Neriman KALYONCUOĞLU
Hayatta herkes bir iz bırakmak ister. Kimimiz kitaplar yazar, kimimiz bir sanat eseri bırakır; kimimizse fikirlerimizle, sözlerimizle, davranışlarımızla başkalarının hayatına dokunuruz. Ancak gerçekte, bu dünyada en kalıcı olan şey, insan ruhunda ve zihinlerde bıraktığımız etkidir. Bir kitap yazmamış olabilirsiniz, bir gazete köşesinde adınız geçmemiş olabilir. Ama önemli olan, hayatın içindeki duruşunuz, etrafınızdaki insanlara kattığınız değer ve topluma sunduğunuz katkıdır.

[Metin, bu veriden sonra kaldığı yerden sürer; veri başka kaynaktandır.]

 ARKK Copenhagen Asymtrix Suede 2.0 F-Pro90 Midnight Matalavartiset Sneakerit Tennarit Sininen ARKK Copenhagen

Bugün herkes “başarı” dediğimiz o büyük sıfatın peşinde koşuyor. Ancak gerçek başarı, arkanızda bıraktığınız kalıcı bir mirasla ölçülür. Bu miras, bir çocuğun hayatında yarattığınız olumlu değişiklik olabilir, bir insana zor bir anda verdiğiniz destek olabilir ya da bir topluluğa ilham veren bir eylem olabilir. Kimi zaman sessizdir bu miras, ama etkisi büyüktür.
Yazmak ya da Yaşamak?
Bazıları, bir eser bırakmayı ölümsüzlükle eş tutar. Kitaplar, gazete yazıları, akademik makaleler… Evet, bunlar önemli. Ancak yazmak sadece bir araçtır. Yazdıklarınız, yaşadıklarınızı ve yaşattıklarınızı temsil etmiyorsa ne anlamı var? Hayatta asıl önemli olan, yazılacak bir şeyler yapmaktır. Çünkü en etkili yazı, insanın eylemleriyle yazdığıdır. Kimi bunu bir sayfaya aktarır, kimi ise bir hayatın içine işler.

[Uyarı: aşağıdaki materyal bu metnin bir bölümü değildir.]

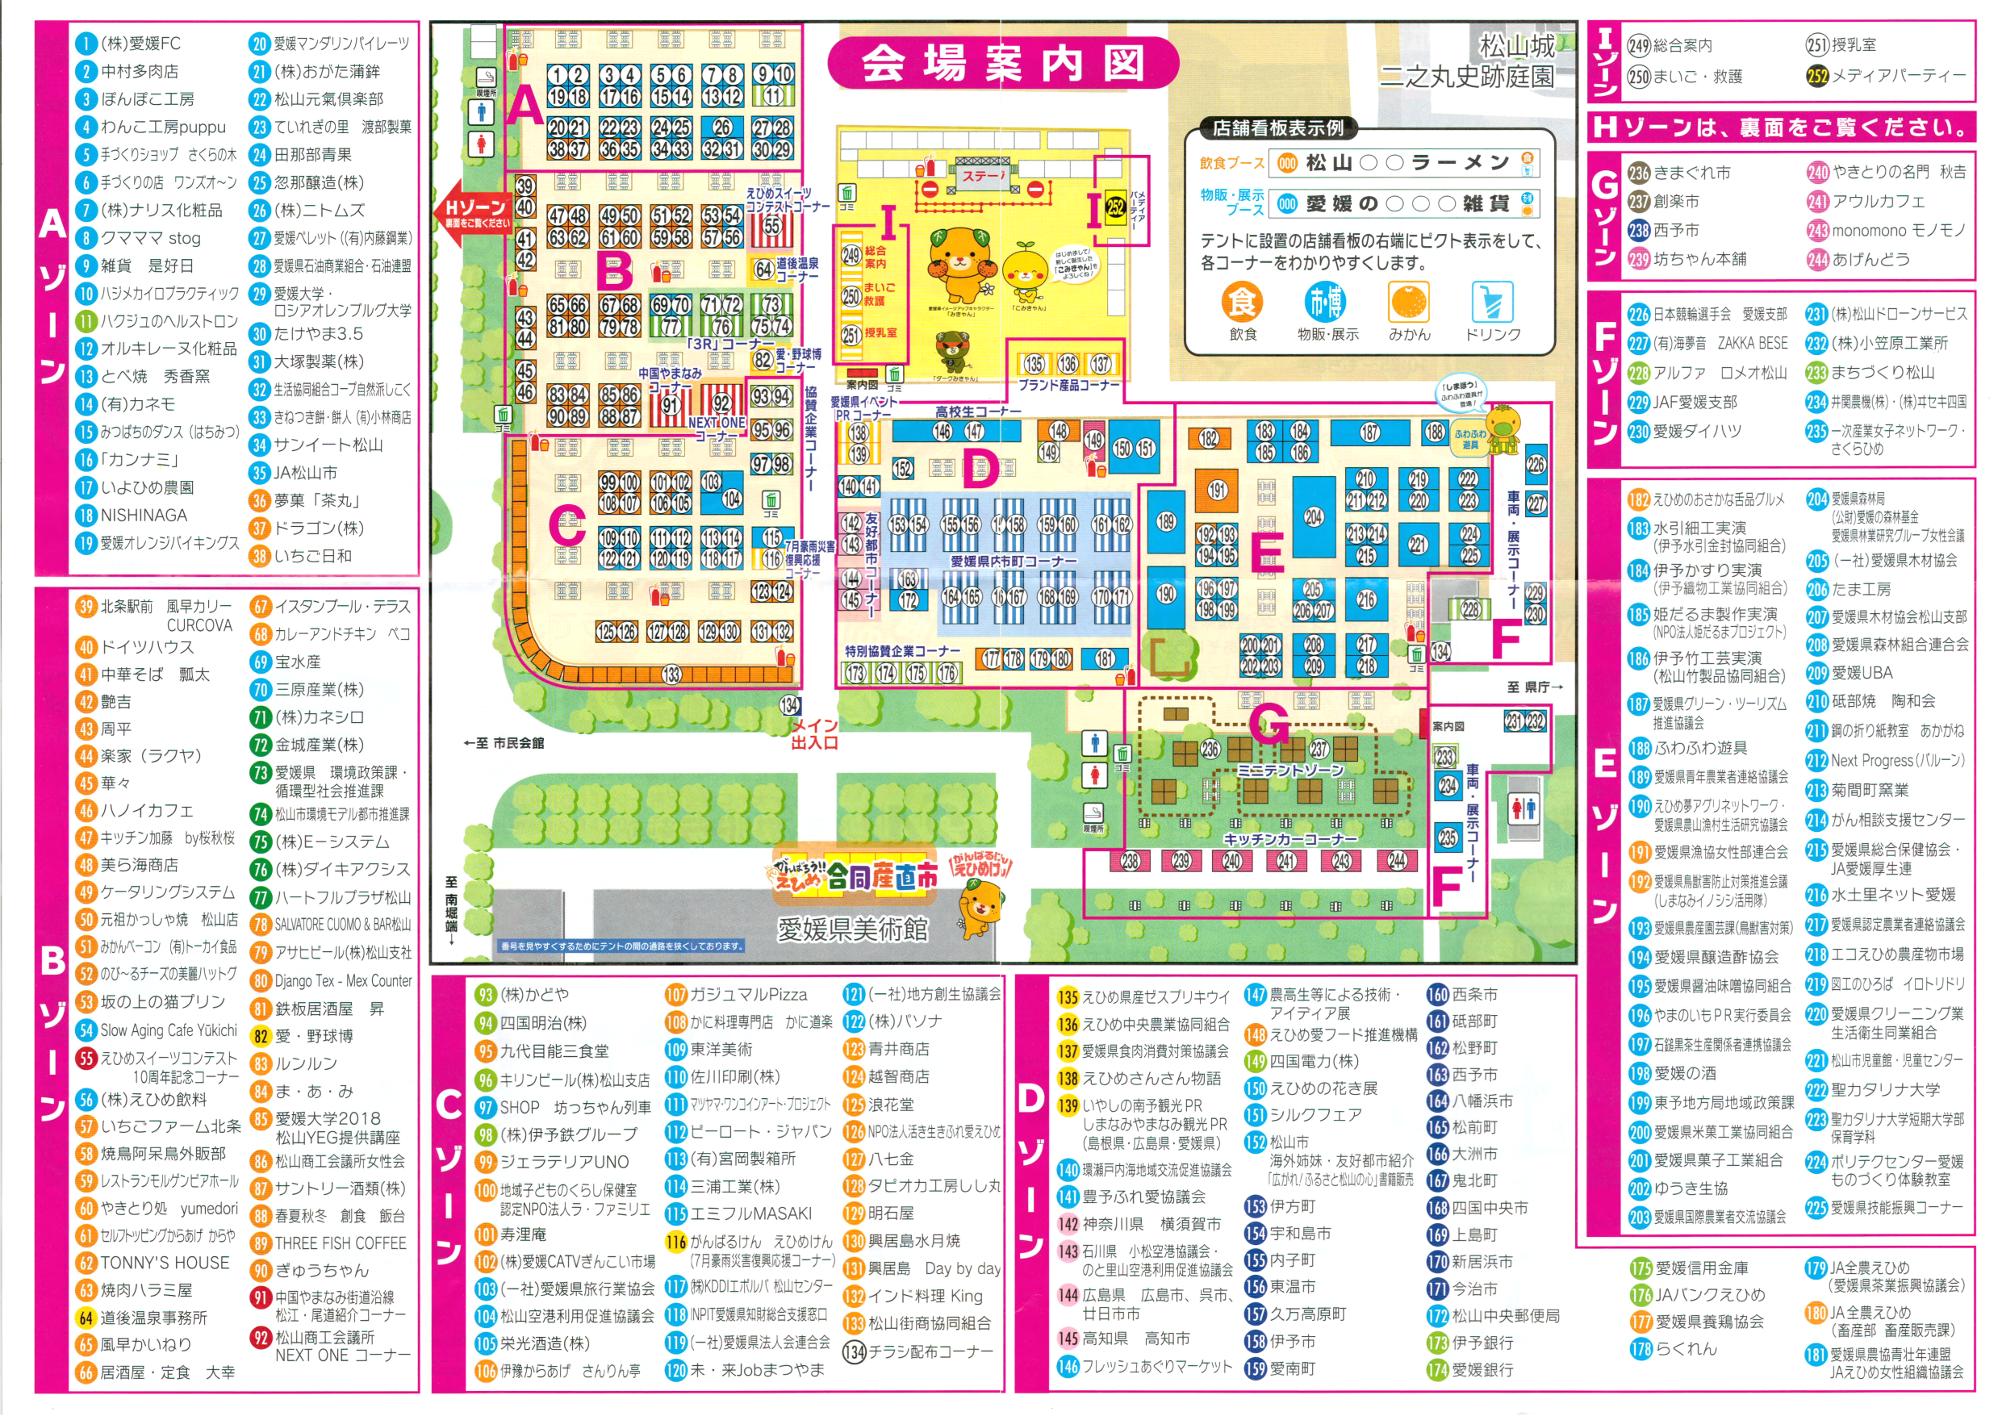 すごいもの博MAP

Hepimiz birer yazarız aslında. Günlük yaşamımızdaki her davranış, her seçim bir “satır”dır. Çocuklarımıza nasıl bir gelecek bıraktığımız, insanlara nasıl davrandığımız, hangi değerleri savunduğumuz bu “yazının” içeriğini belirler. Günün sonunda, bu hayatın en anlamlı eseri, insanlara kattığımız şeylerdir.
Değişim İçin Adım Atmak
Bir gazete köşesi yazmamış ya da bir kitap yayımlamamış olabilirsiniz. Ama bir insanın hayatına umut olduysanız, zorlukla başa çıkmasında ona güç verdiyseniz, belki de dünyayı değiştirecek en güçlü şeylerden birini yaptınız. Çünkü dünya, büyük fikirlerden değil, küçük ama anlamlı adımlardan inşa edilir.
Kendimize şunu sormalıyız: “Benim hayatım, başkalarının hayatına ne kattı?” Eğer bu soruya tatmin edici bir cevap verebiliyorsanız, kitap yazmasanız da, köşe yazarı olmasanız da kendi tarihinizi yazmışsınız demektir.
Son Söz
Hayat bir defterdir ve bizler her gün yeni bir sayfa açarız.
Kimimiz bu sayfayı kelimelerle doldurur, kimimiz eylemlerle.
Önemli olan, o sayfanın değerli olmasıdır. İnsanlar sizi hatırlayacaksa, yazdıklarınızdan ziyade hissettirdiklerinizle hatırlayacak. O yüzden, geride ne bırakacağınıza dikkat edin. Çünkü her insan bir hikayedir ve bu hikayenin gerçek yazarı biziz.
Şimdi size düşen, bu hikayeyi anlamlı bir şekilde yazmak. Bir kitap, bir yazı ya da sadece bir dokunuş… Unutmayın, gerçek miras, insanlara kattığınız değerlerle ölçülür.